While tensions between Hong Kong and China are running high due to recent comments made by Peking University professor Kong Qingdong (孔慶東), the problem has been brewing for a while, political commentator Paul Lin (林保華) said.
Kong, commenting on a widely circulated YouTube video of Hong Kongers telling off Chinese tourists for allowing children to eat on the Hong Kong MTR, on Jan. 19 made scathing remarks about Hong Kongers on VODone, a Chinese state-affiliated media company, calling them “bastards” for using Cantonese when Chinese tourists obviously didn’t understand, adding that the Hong Kongers were “the dogs of British colonialists.”
The reaction of Hong Kongers shows that despite being “returned” to China for more than a decade, “the hearts of the Hong Kongers have yet to return,” Lin said.
During the British colonial period, Hong Kongers looked down on the Chinese and the 1980 TV drama series The Good, the Bad, and the Ugly (網中人) even made fun of new Chinese immigrants, calling them derogatorily Y can (阿燦), Lin said. The term refers to one of the characters in the drama series: a poor, unassuming and not-so-bright Chinese immigrant.
However, now the Chinese have become rich the tables have turned, and it is the Chinese who look down on the Hong Kongers, calling them Gang can (港燦) in turn, he added.
However, the wealth of the Chinese was not the source of the problem per se, Lin said.
“The problem is that the Chinese are flaunting their wealth and putting on airs, while taking advantage of the Hong Kongers,” Lin said.
As examples, Lin cited the imminent implementation of regulations to allow inhabitants of Guangdong Province and Hong Kong to drive between the two locations and the steady stream of pregnant Chinese women going to Hong Kong to give birth. Hong Kongers are fed up with being taken advantage of, he said.
With the difference in driving habits between the generally law-abiding Hong Kongers and their less law-abiding Chinese counterparts, an endless stream of traffic accidents could also be expected to occur in Hong Kong, Lin said
The generally low morals of Chinese tourists also trigger Hong Kongers’ discontent, he added.
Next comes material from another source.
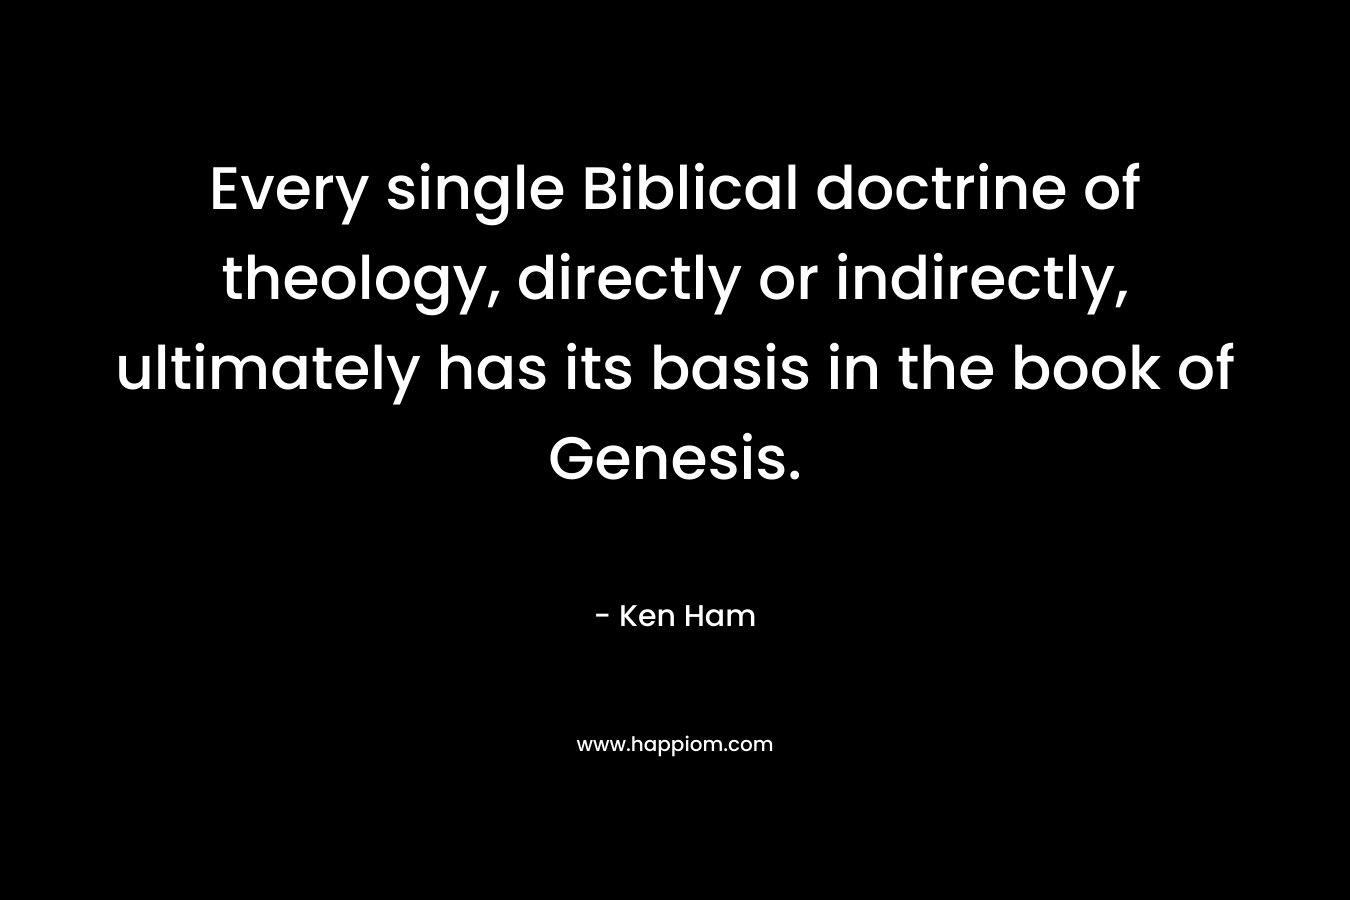 Every single Biblical doctrine of theology, directly or indirectly, ultimately has its basis in the book of Genesis. – Ken Ham

On the other hand, Lin said, Hong Kong has been a part of China since it was “returned,” yet the Chinese immigrants and tourists feel it is unfair that the “one country, two systems” gives Hong Kongers a special status.
The Chinese compare Hong Kong to China and act as they do because they are jealous and they want some of the advantages the Hong Kongers enjoy, Lin said.
As for the heated online debate generated by Kong’s comments, Lin said that while it might seem that Kong’s partisans in China have the upper hand, there exists an element in Hong Kong that wishes to exacerbate the conflict to make it harder for Beijing to deal with.
Most Hong Kong netizens are from the younger generation and they are using the dispute to express their discontent with the current situation, Lin said, adding that “the problem now is that the younger generation in Hong Kong has a different view from their parent’s generation.”
When the Sino-British Joint Declaration was signed in 1984, even the pan-democracy camp agreed with it, Lin said. The Joint Declaration was the official agreement whereby the People’s Republic of China (PRC) resumed sovereignty over Hong Kong Island, the Kowloon Peninsula and the New Territories. Hong Kong island and the Kowloon Peninsula had been ceded to the British for perpetuity under the Treaty of Nanking, but the New Territories were subsequently leased to the UK for 99 years under a second treaty.
However, Lin said, the younger generation is unhappy that they have to bear the bitter fruit of what the older generation has sown.
The occasional reappearance of the old colonial Hong Kong flag on the Internet is also a clear indicator of the mindset of the younger generation, Lin added.
Beijing has not officially commented on Kong’s remarks, but there are signs that it does not entirely disown them, Lin said.
“While it might be hard for practical minded Hong Kongers to turn this incident into large-scale conflict, similar conflicts are bound to happen again,” Lin said.